O excesso de levedura no intestino costumava ser considerado o principal culpado, mas trabalhos mais recentes mudaram o foco para certos tipos de bactérias.
Um estudorecém-publicado na revista Nature Microbiology é a investigação mais abrangente dessa doença incomum.
A pesquisa foi conduzida por uma equipe liderada por Bernd Schnabl e Cynthia Hsu na Universidade da Califórnia em San Diego, um grande hospital universitário dos Estados Unidos especializado em pesquisas sobre fígado e microbioma.
Schnabl e Hsu avaliaram amostras de fezes de 22 pacientes com síndrome de autofermentação, 21 de seus familiares e 22 pessoas saudáveis como grupo de controle. Isso lhes permitiu distinguir com mais clareza o papel da dieta e do ambiente do papel do microbioma.
Bactérias produtoras de álcool
Em laboratório, as amostras de fezes dos pacientes com a síndrome produziram significativamente mais álcool do que as dos grupos de controle. Isso se deve principalmente a bactérias intestinais como Escherichia coli e Klebsiella pneumoniae, que fermentam carboidratos em etanol em quantidade excessiva.

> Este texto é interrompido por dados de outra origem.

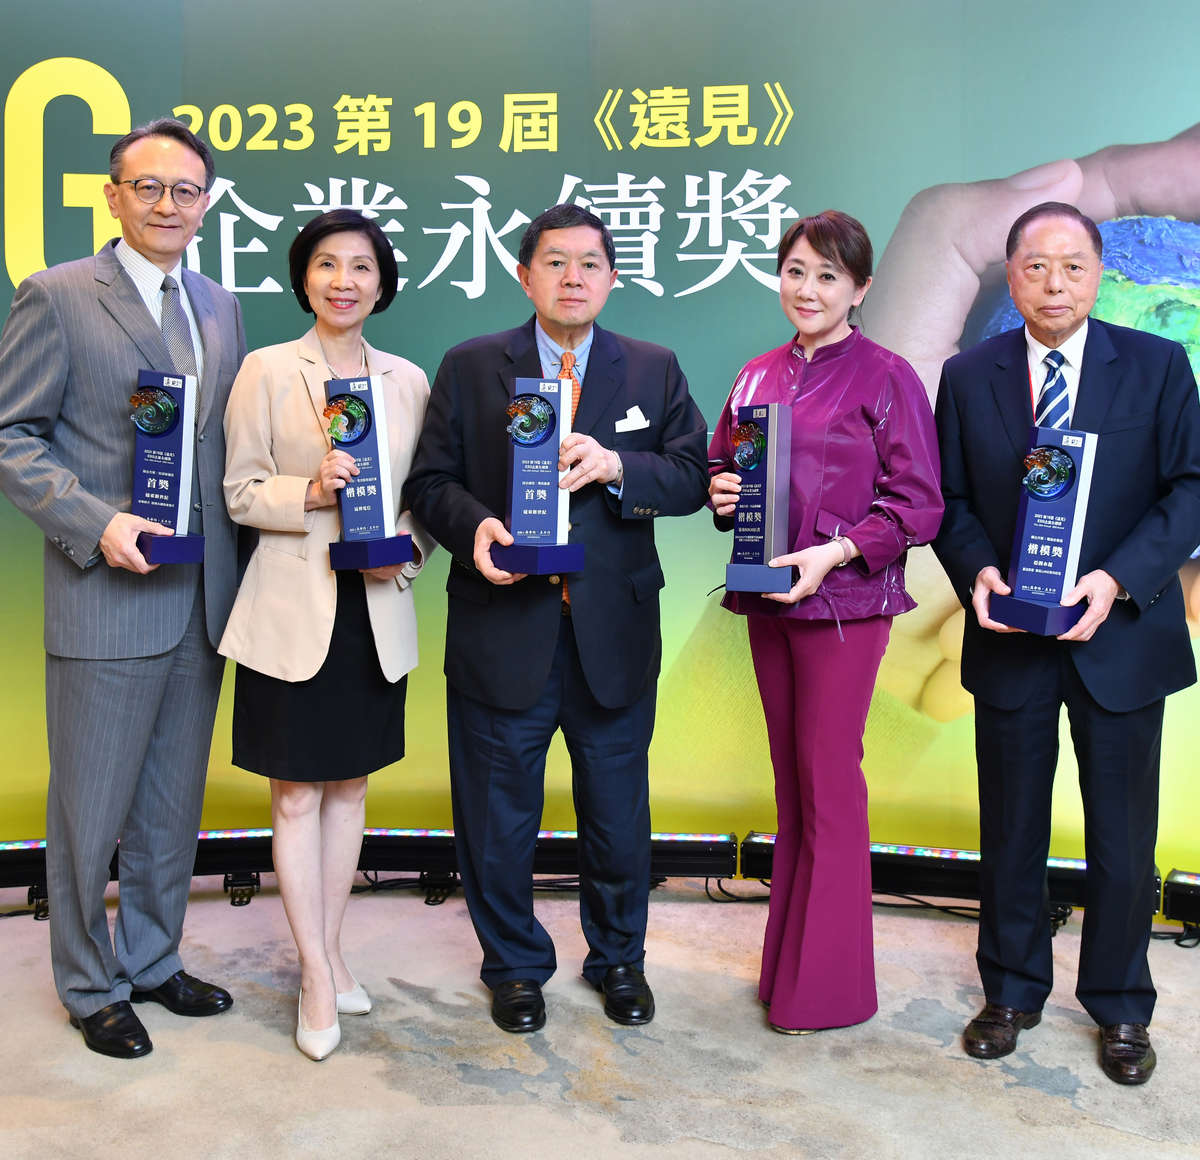 FEG Won Seven ESG Awards Hosted by CW Magzine in 2023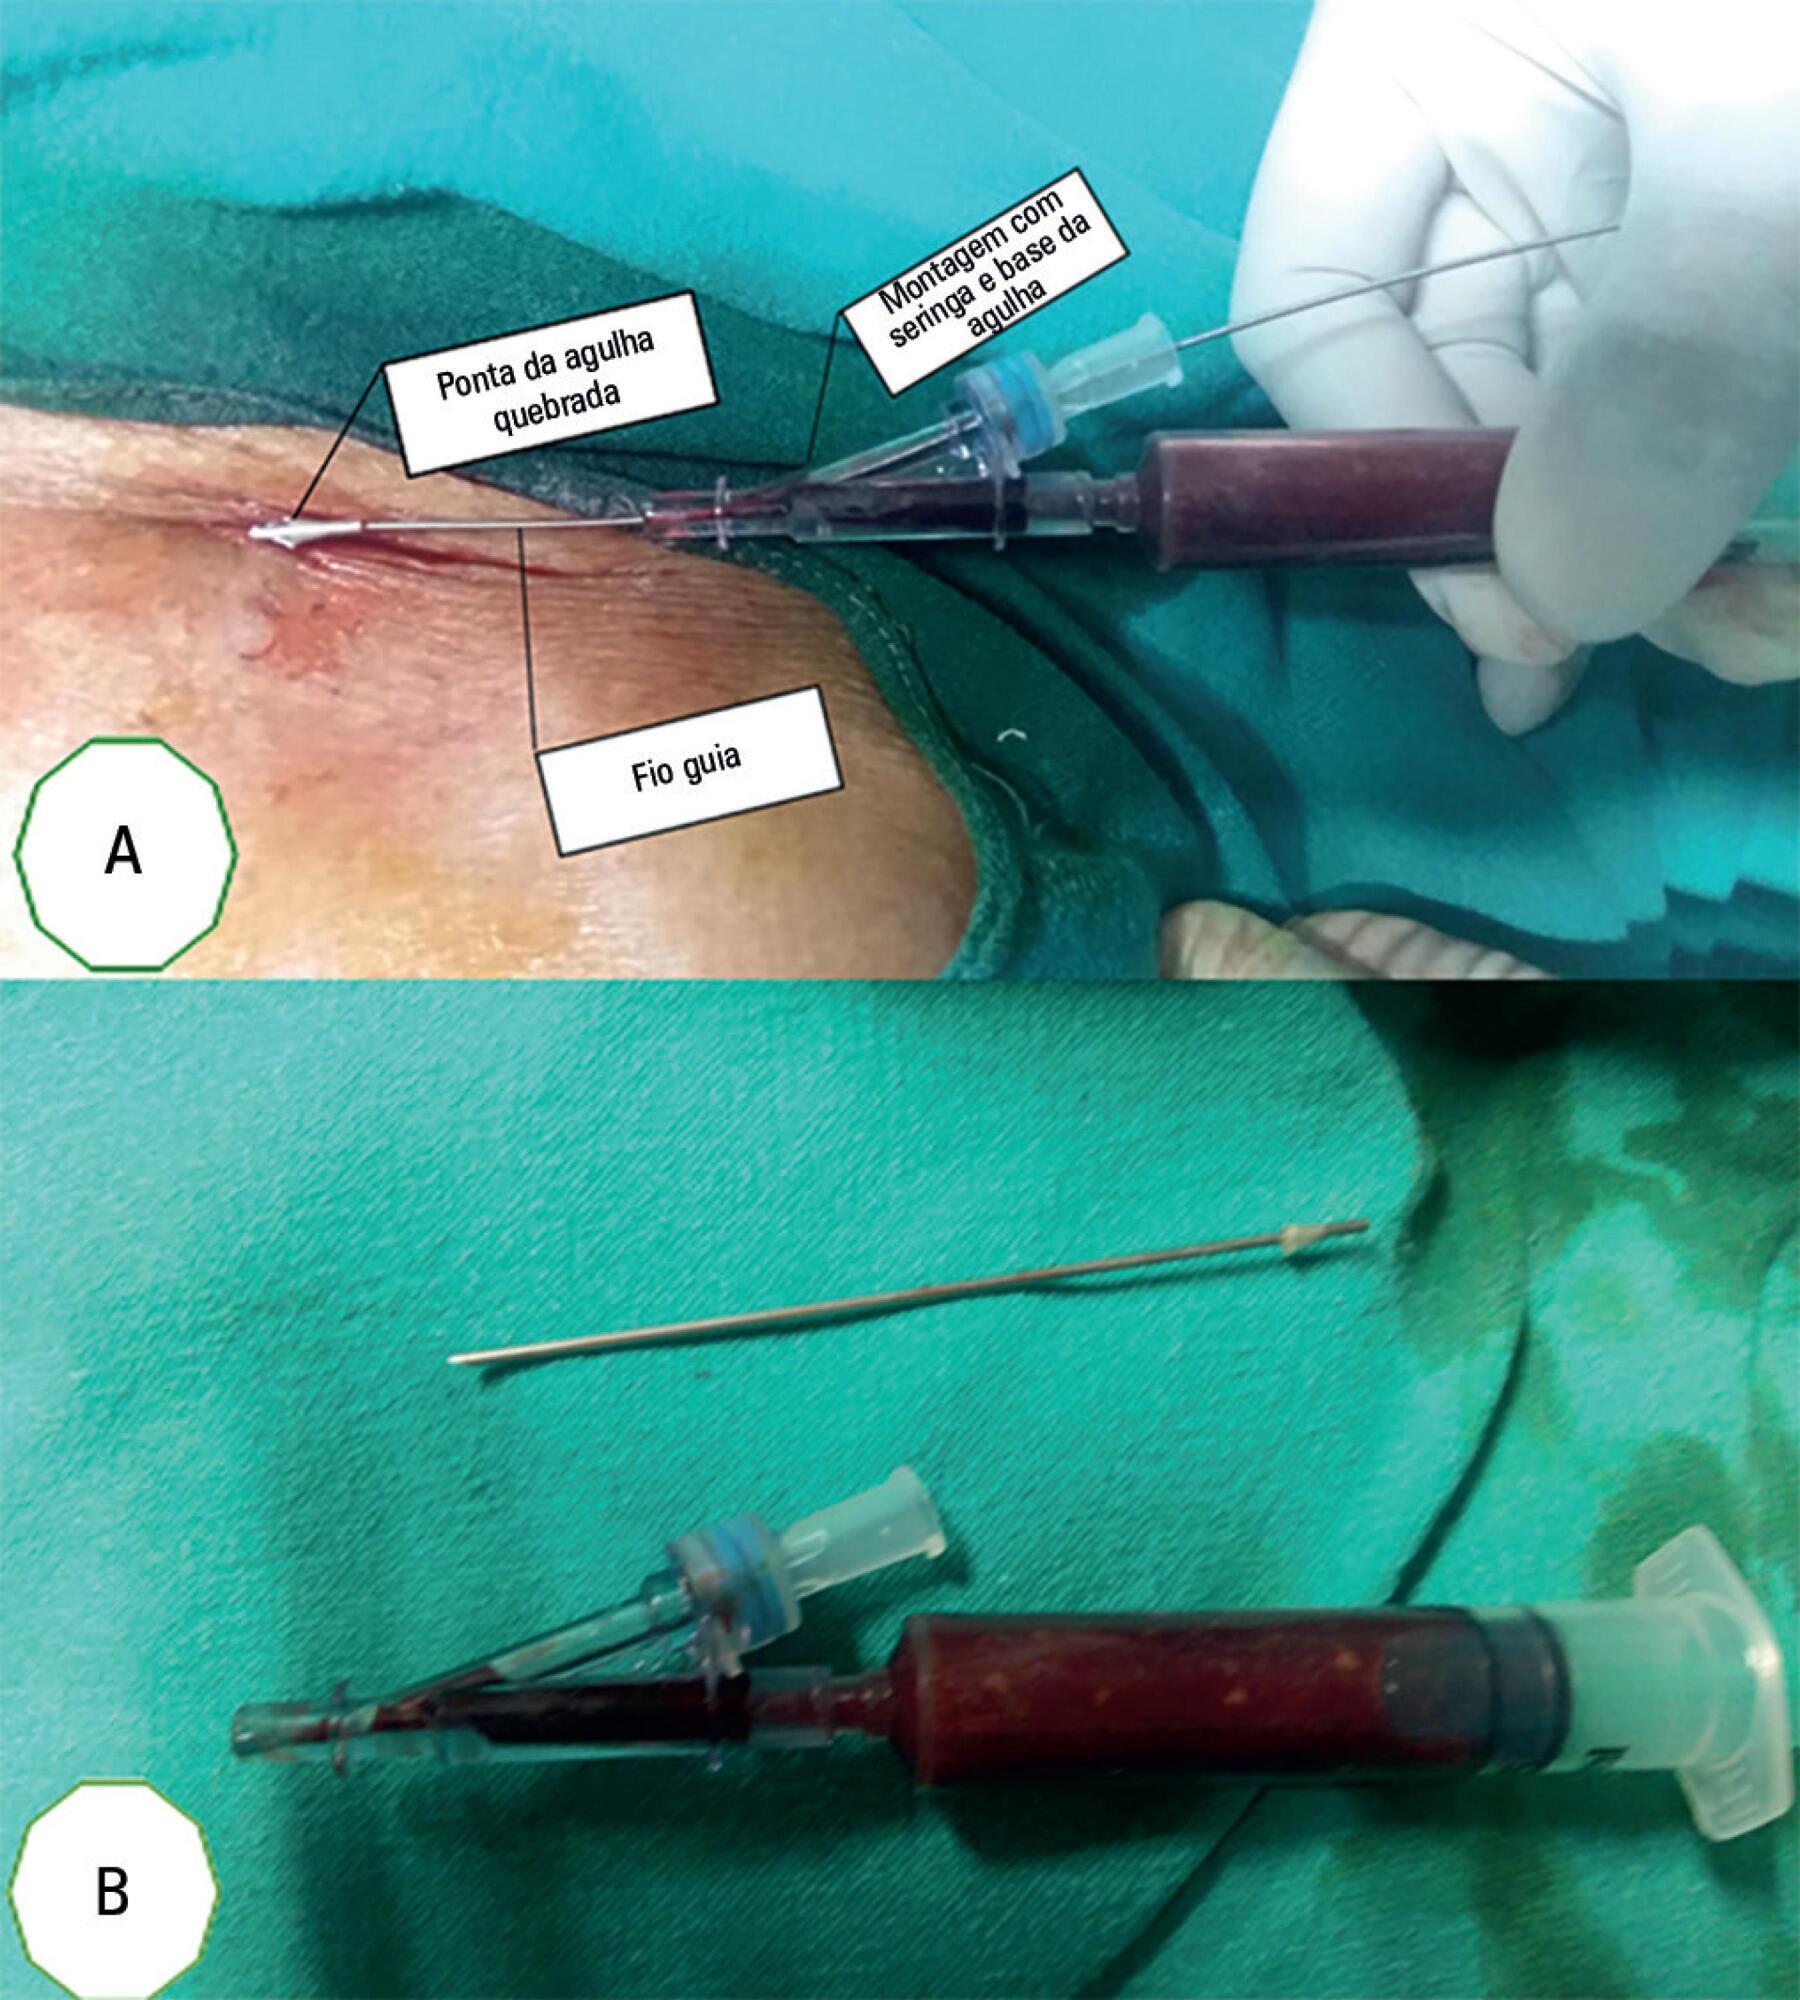 Accidental breakage of needle during subclavian vein catheterization: an adversity uncalled for!

“Esses micróbios usam várias vias metabólicas formadoras de etanol”, explica Schnabl, “eles podem elevar o nível de álcool no sangue a tal ponto que as pessoas afetadas não estejam mais aptas a dirigir”.
A síndrome da autofermentação mostra como o microbioma pode influenciar radicalmente o comportamento e a saúde, ao ponto de determinar os níveis de álcool no sangue que caracterizam culpa ou inocência perante um tribunal ou durante fiscalizações de trânsito.
Dessa forma, o fardo dessa doença não é apenas o álcool no sangue, mas também a dúvida: quem acreditaria em alguém que jura não ter bebido quando seu próprio intestino funciona como uma cervejaria secreta?
Diagnóstico incorreto e novas abordagens
Muitos pacientes com a síndrome são inicialmente rotulados como alcoólatras que bebem em segredo – com consequências dramáticas para sua vida cotidiana, seus relacionamentos e, acima de tudo, sua credibilidade.
Os procedimentos de diagnóstico atuais são complexos, pois os pacientes devem seguir uma dieta rica em carboidratos sob supervisão rigorosa enquanto seus níveis de álcool no sangue são medidos.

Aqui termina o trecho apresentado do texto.